— Task prompt —
What are the lines below, starting at the line containing "LES MICROSCOPES ET LES TISSUS" and ending at the line containing "La chaîne de"? Write them out exactly, ends included, without pictures.

— Extracted data —
===============

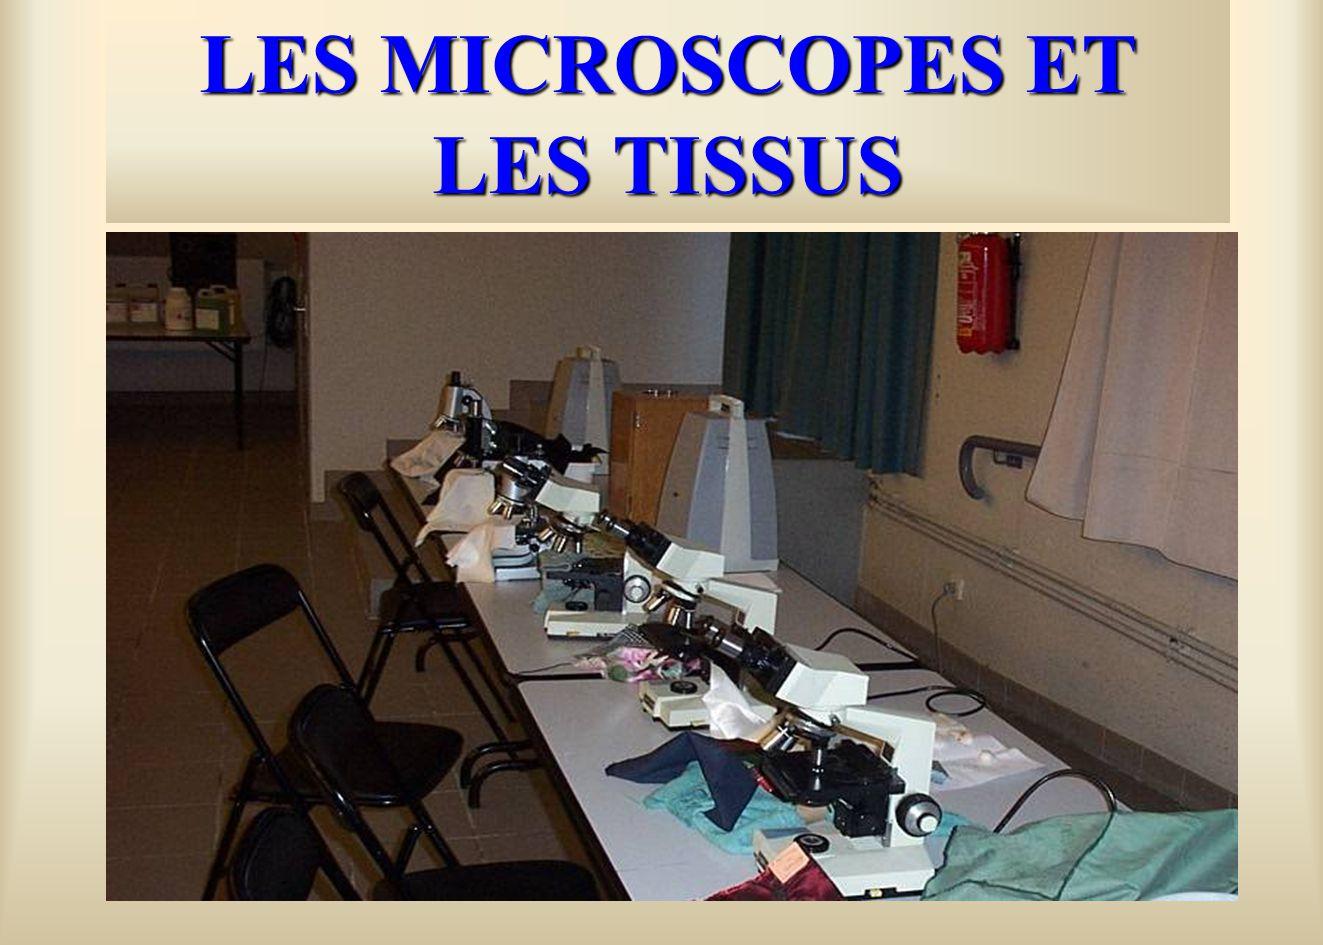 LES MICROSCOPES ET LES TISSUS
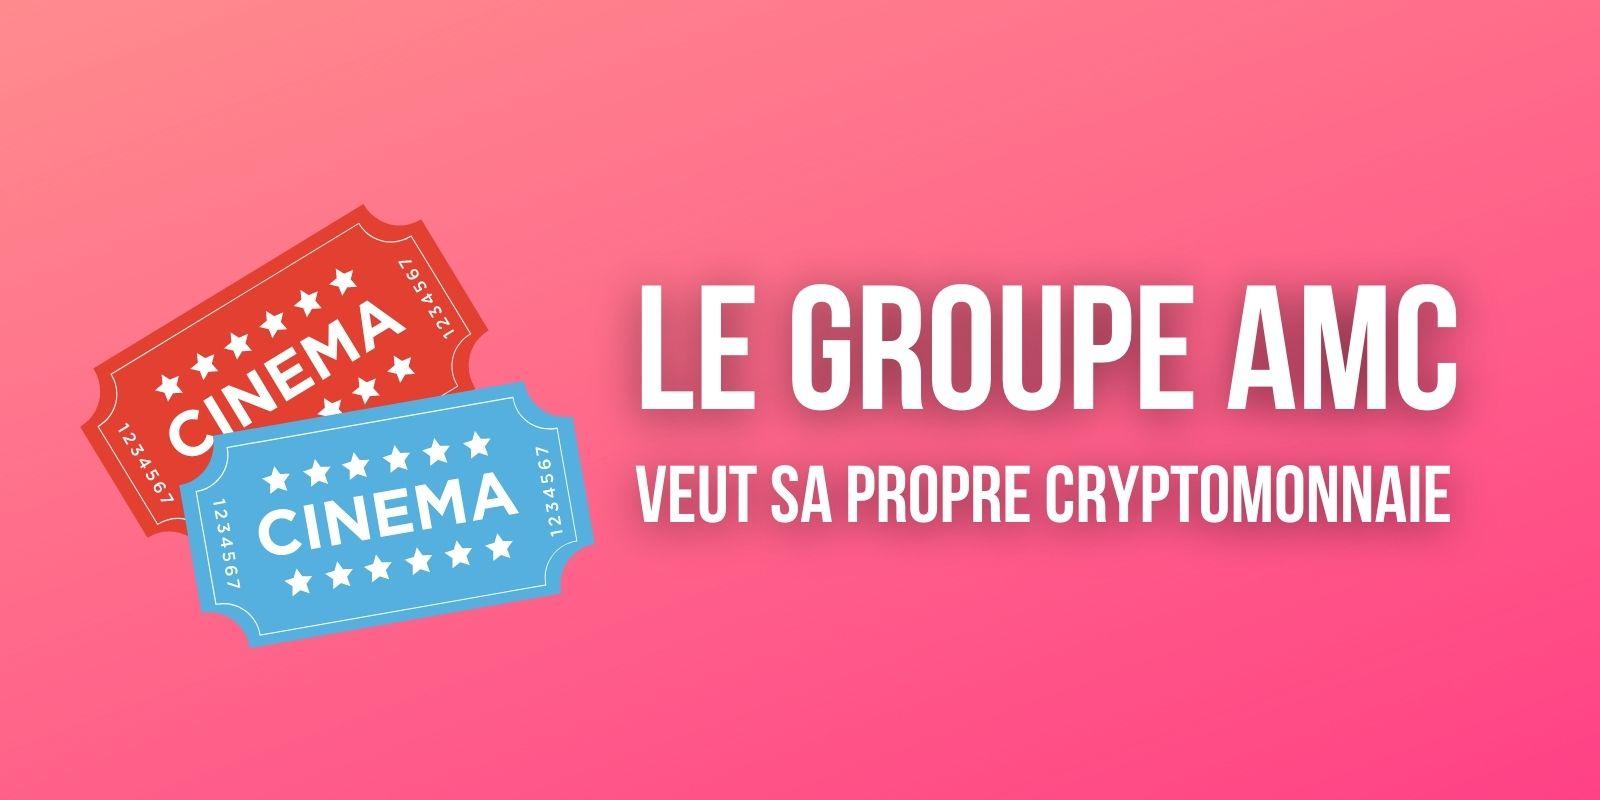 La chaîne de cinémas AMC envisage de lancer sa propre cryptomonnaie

===============

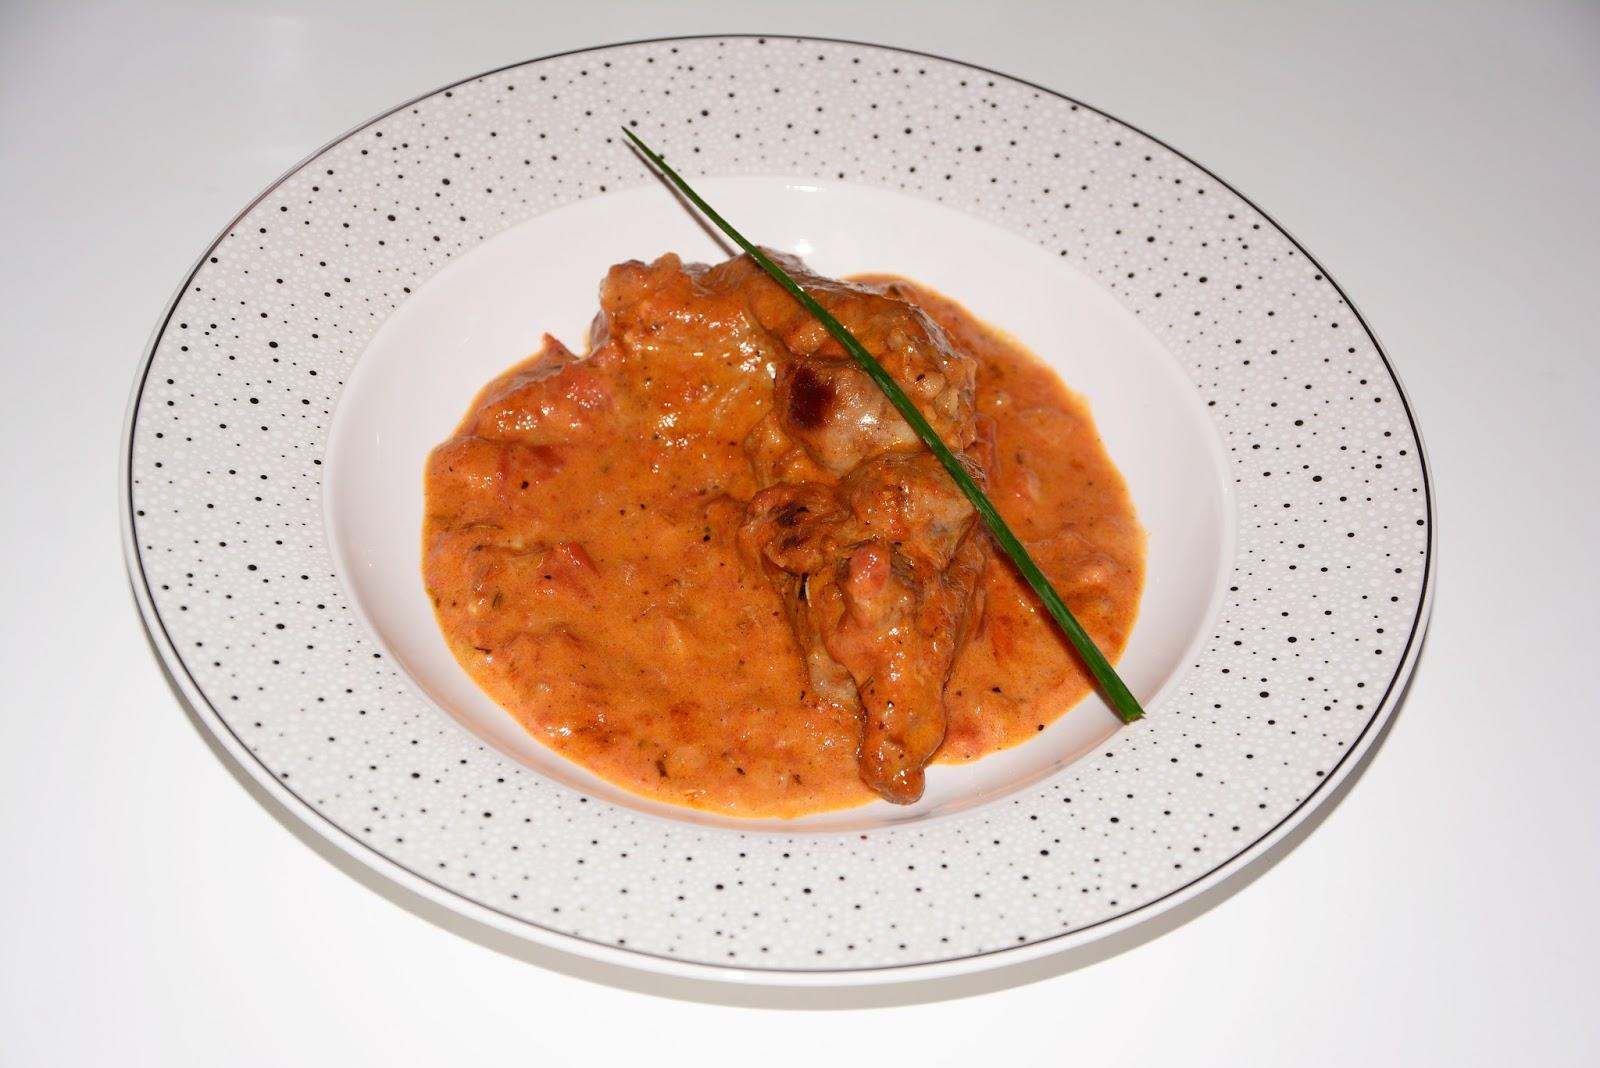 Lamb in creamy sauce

===============

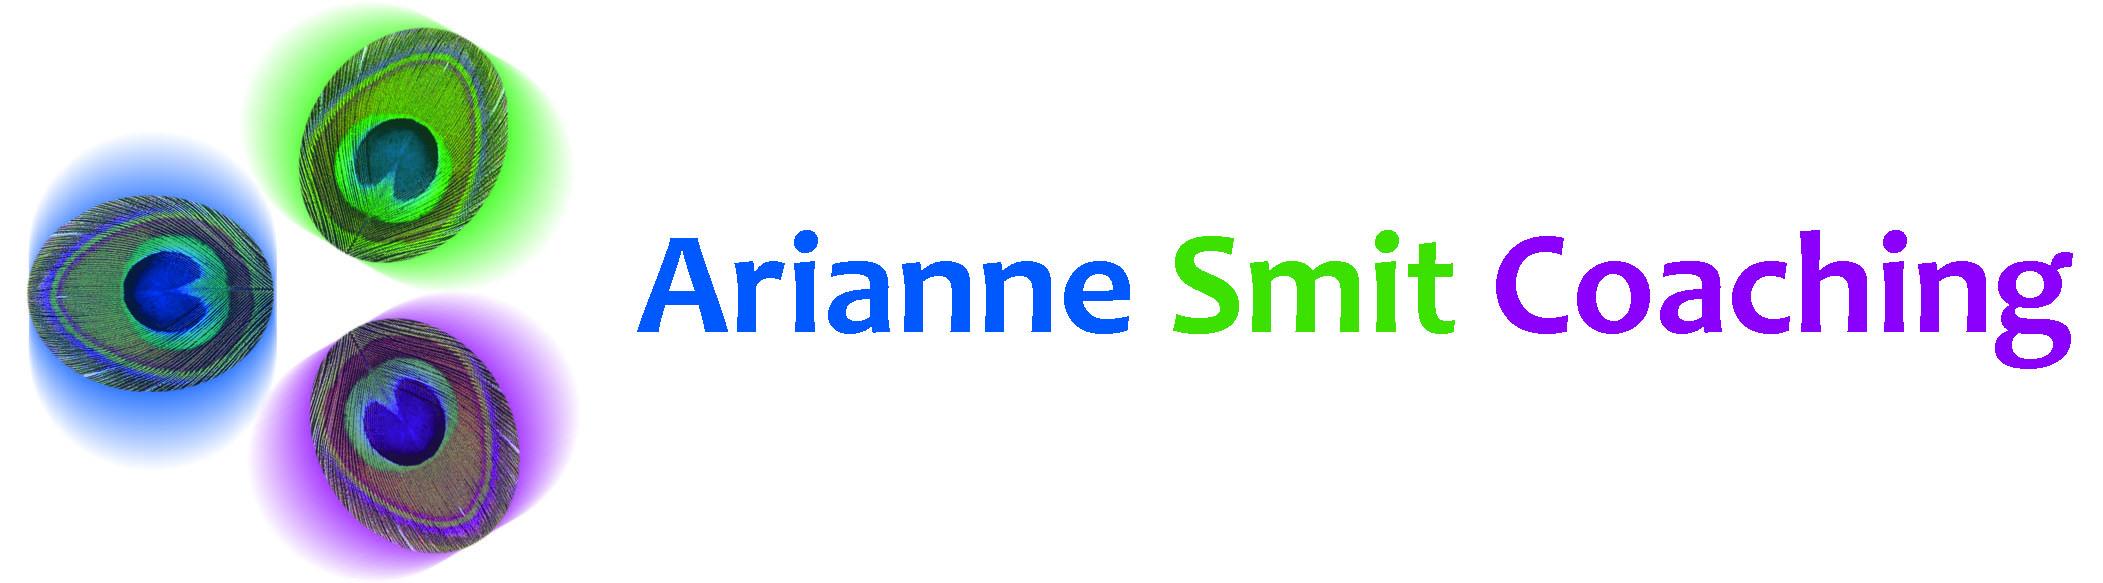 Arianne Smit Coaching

===============

— Reply to the exercise —
 LES MICROSCOPES ET LES TISSUS
 La chaîne de cinémas AMC envisage de lancer sa propre cryptomonnaie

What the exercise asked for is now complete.